**Records shown:**
====================

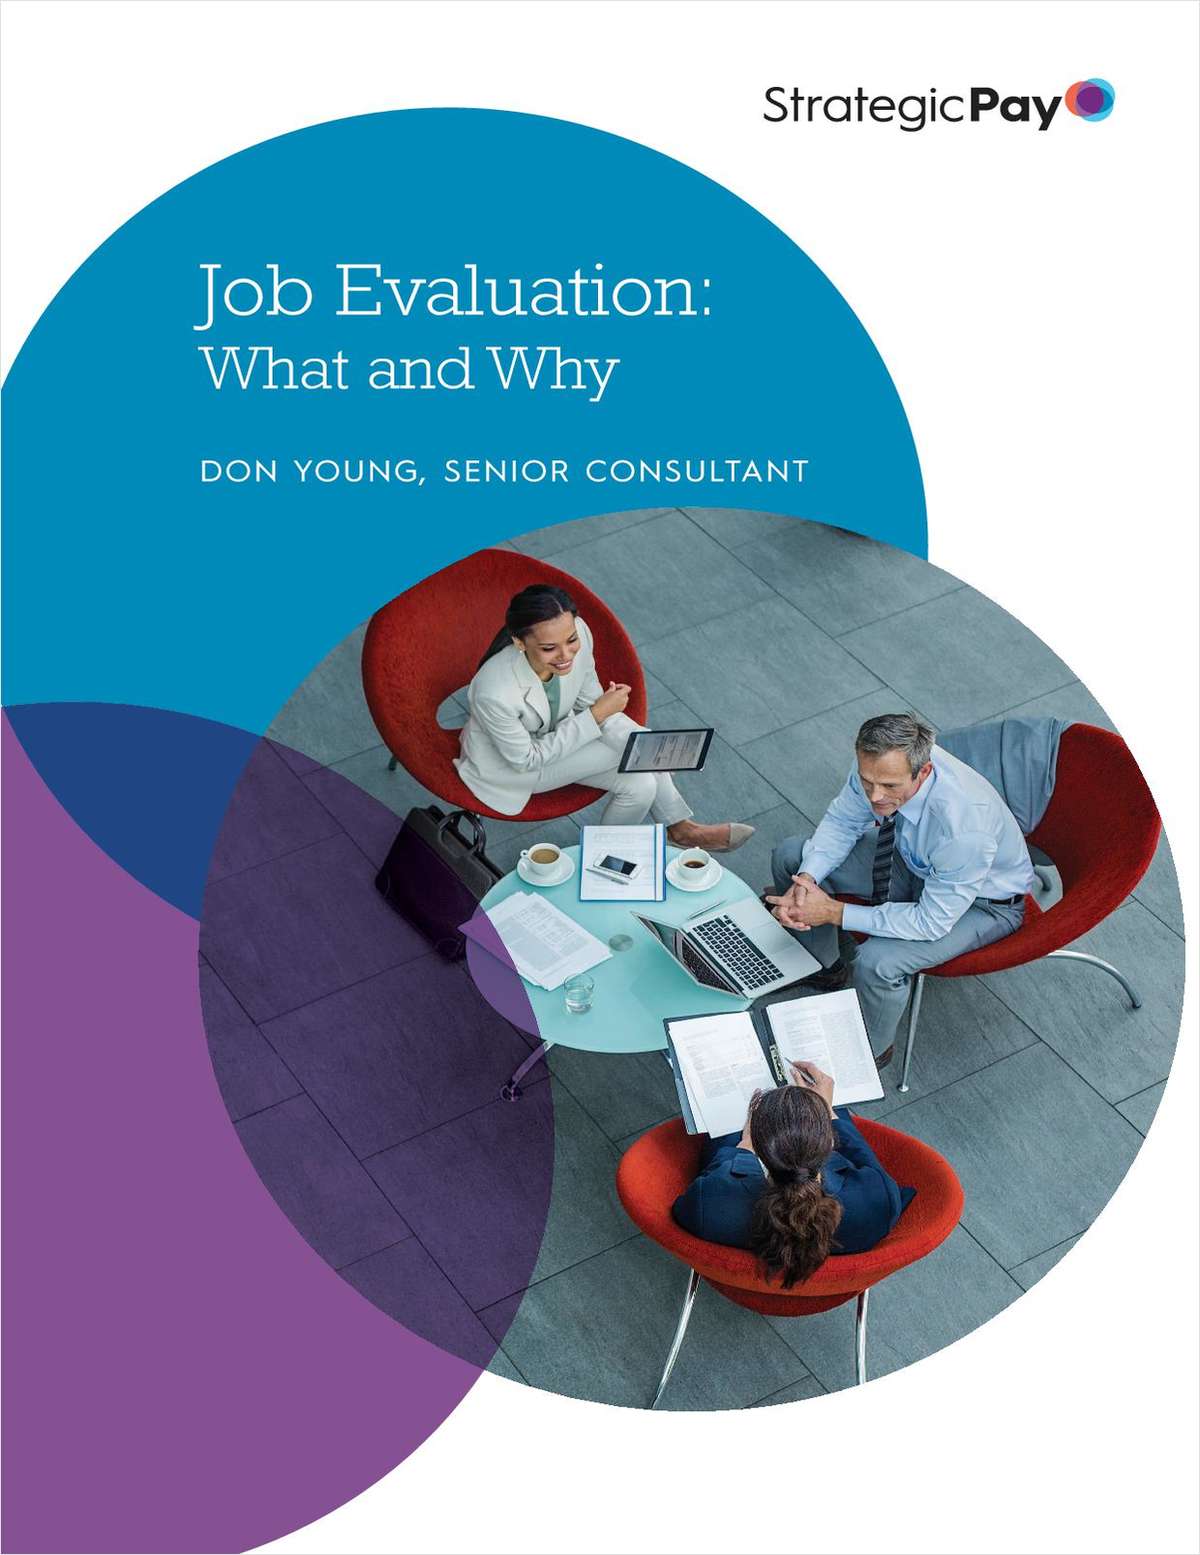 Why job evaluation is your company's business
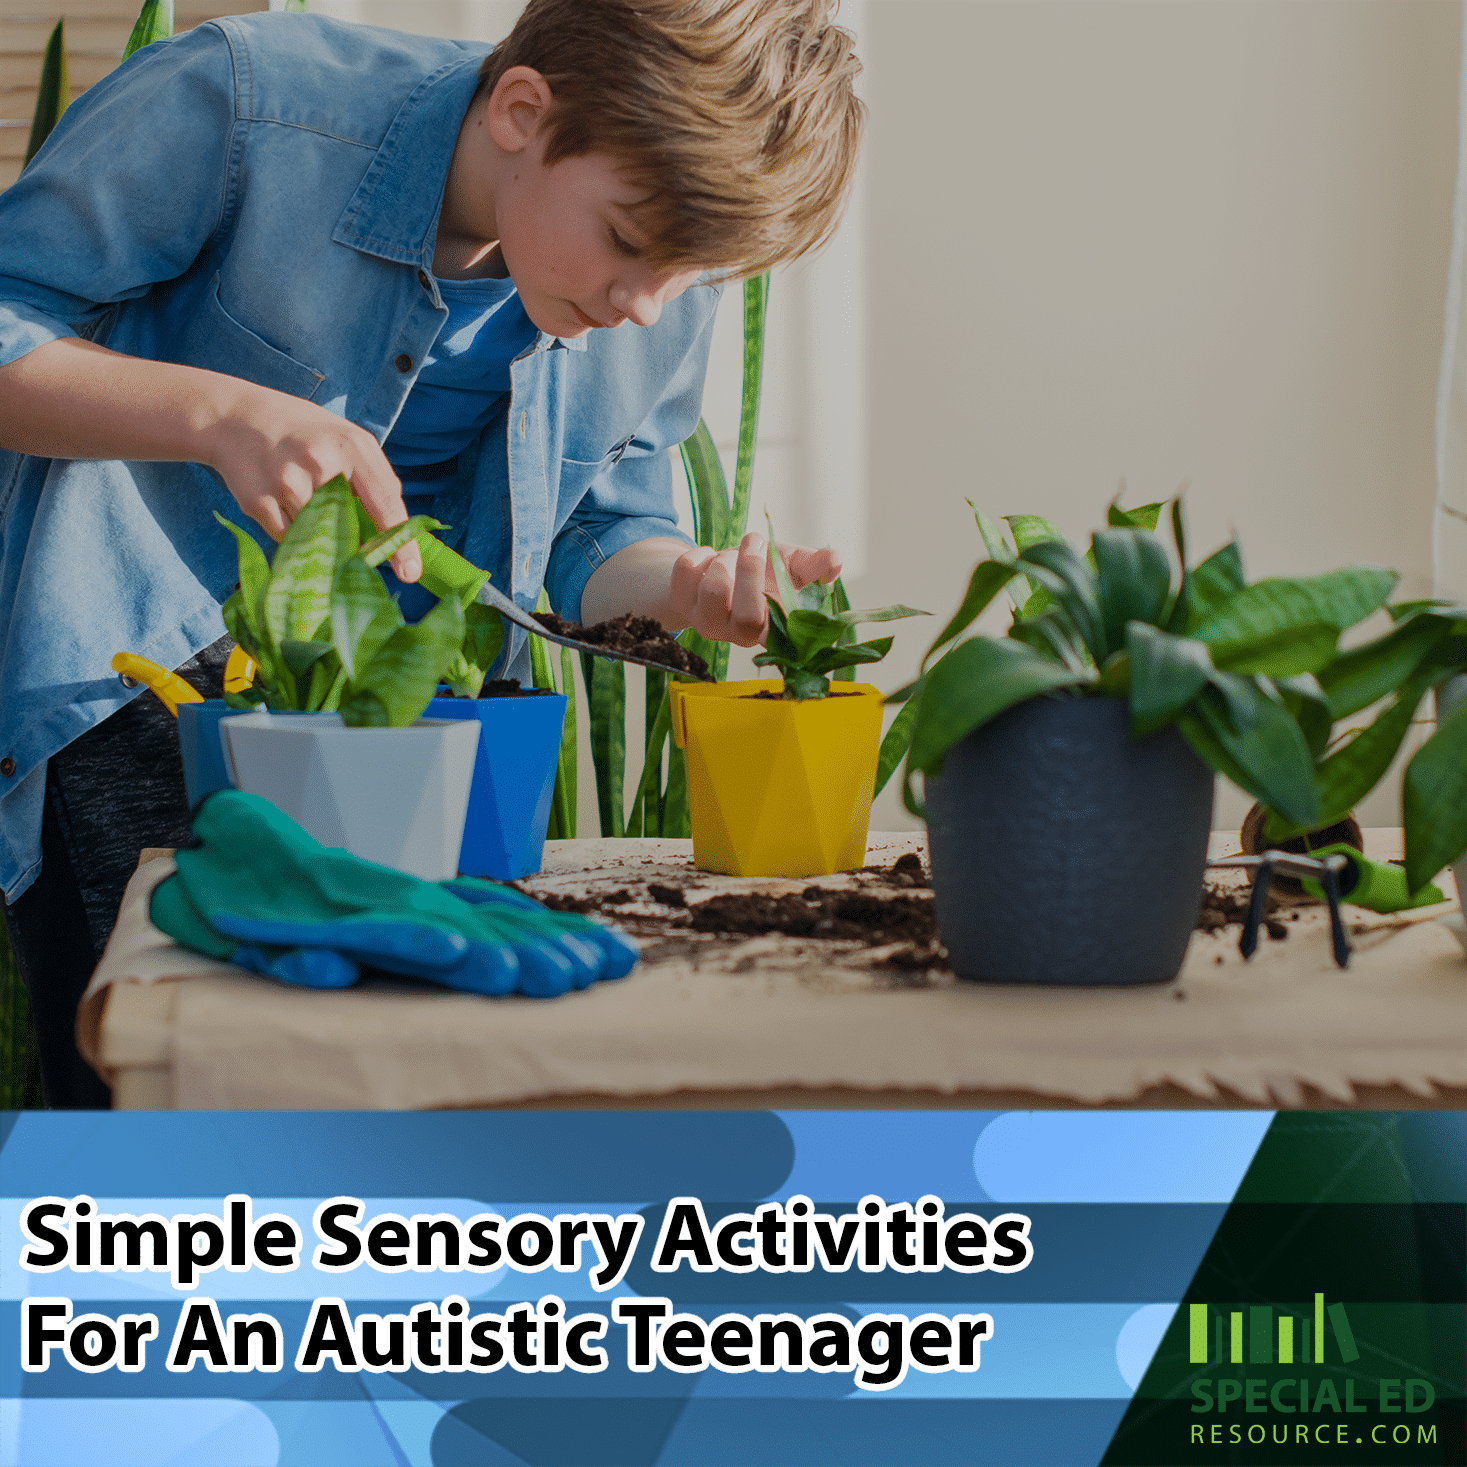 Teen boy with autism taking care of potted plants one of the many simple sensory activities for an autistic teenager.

====================

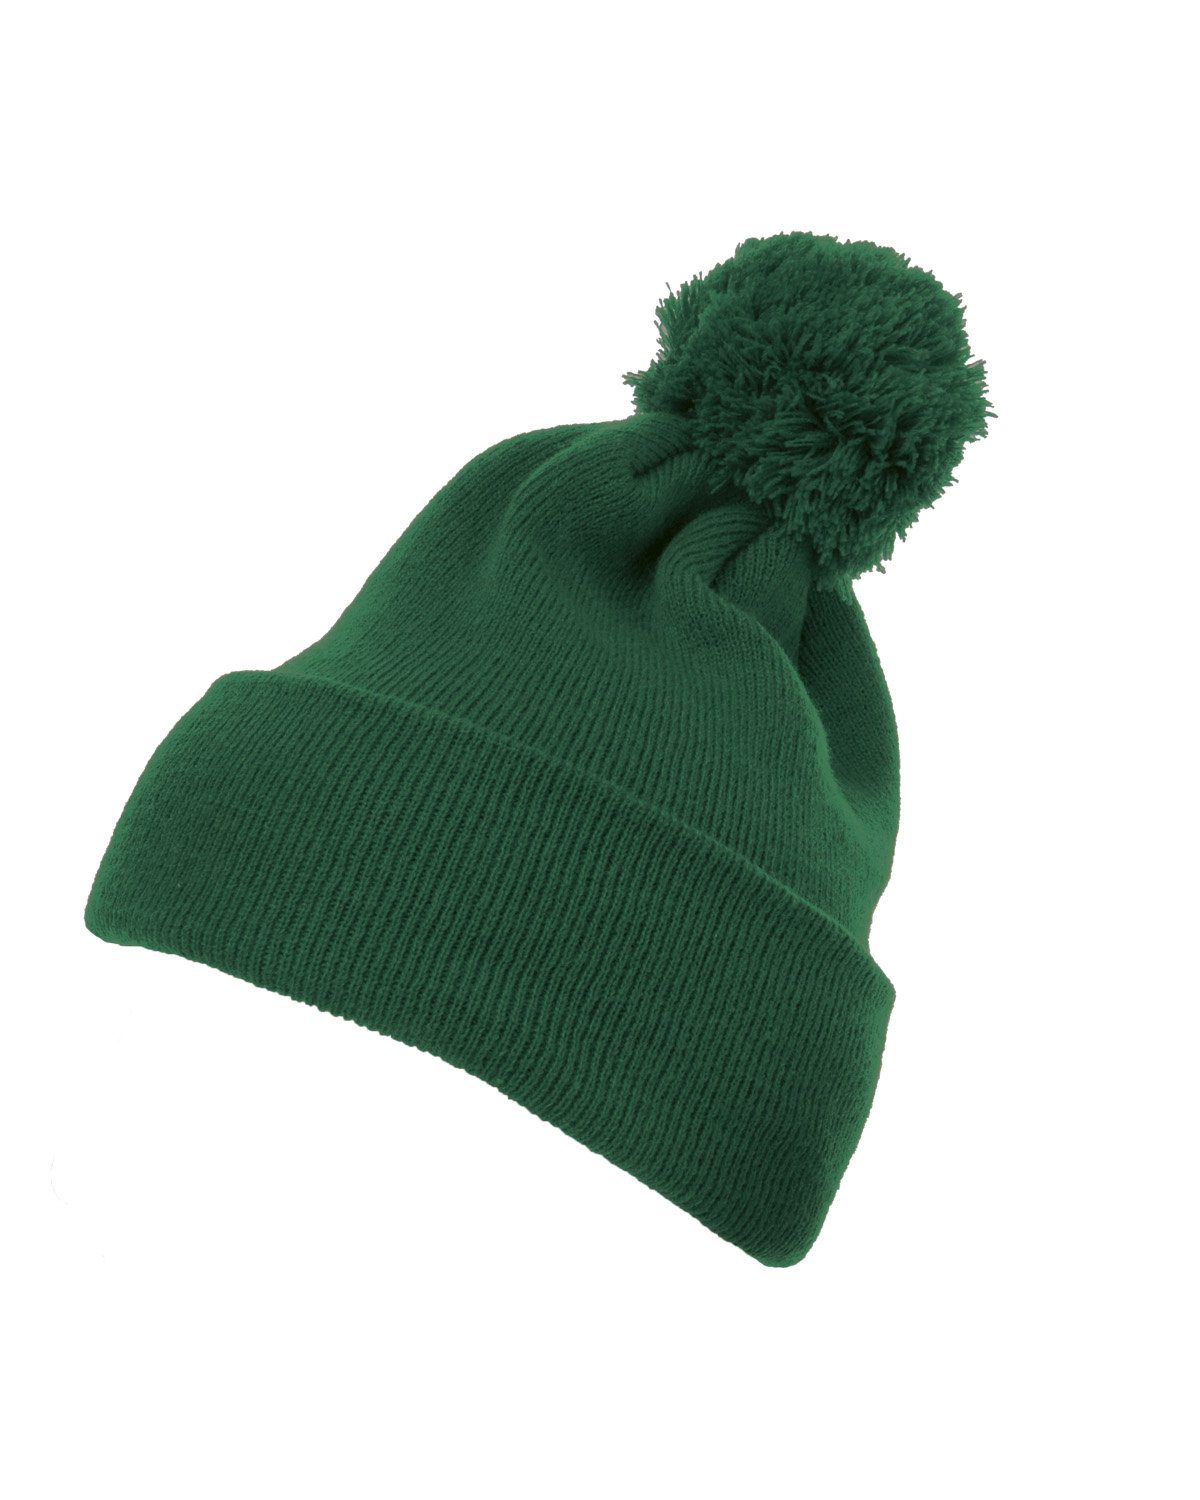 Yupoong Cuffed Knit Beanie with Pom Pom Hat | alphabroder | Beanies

====================

Skip every picture, and restate word for word only the lines above from the line containing "Why job evaluation" to the line containing "Teen boy with", both of them included.

 Why job evaluation is your company's business
 Teen boy with autism taking care of potted plants one of the many simple sensory activities for an autistic teenager.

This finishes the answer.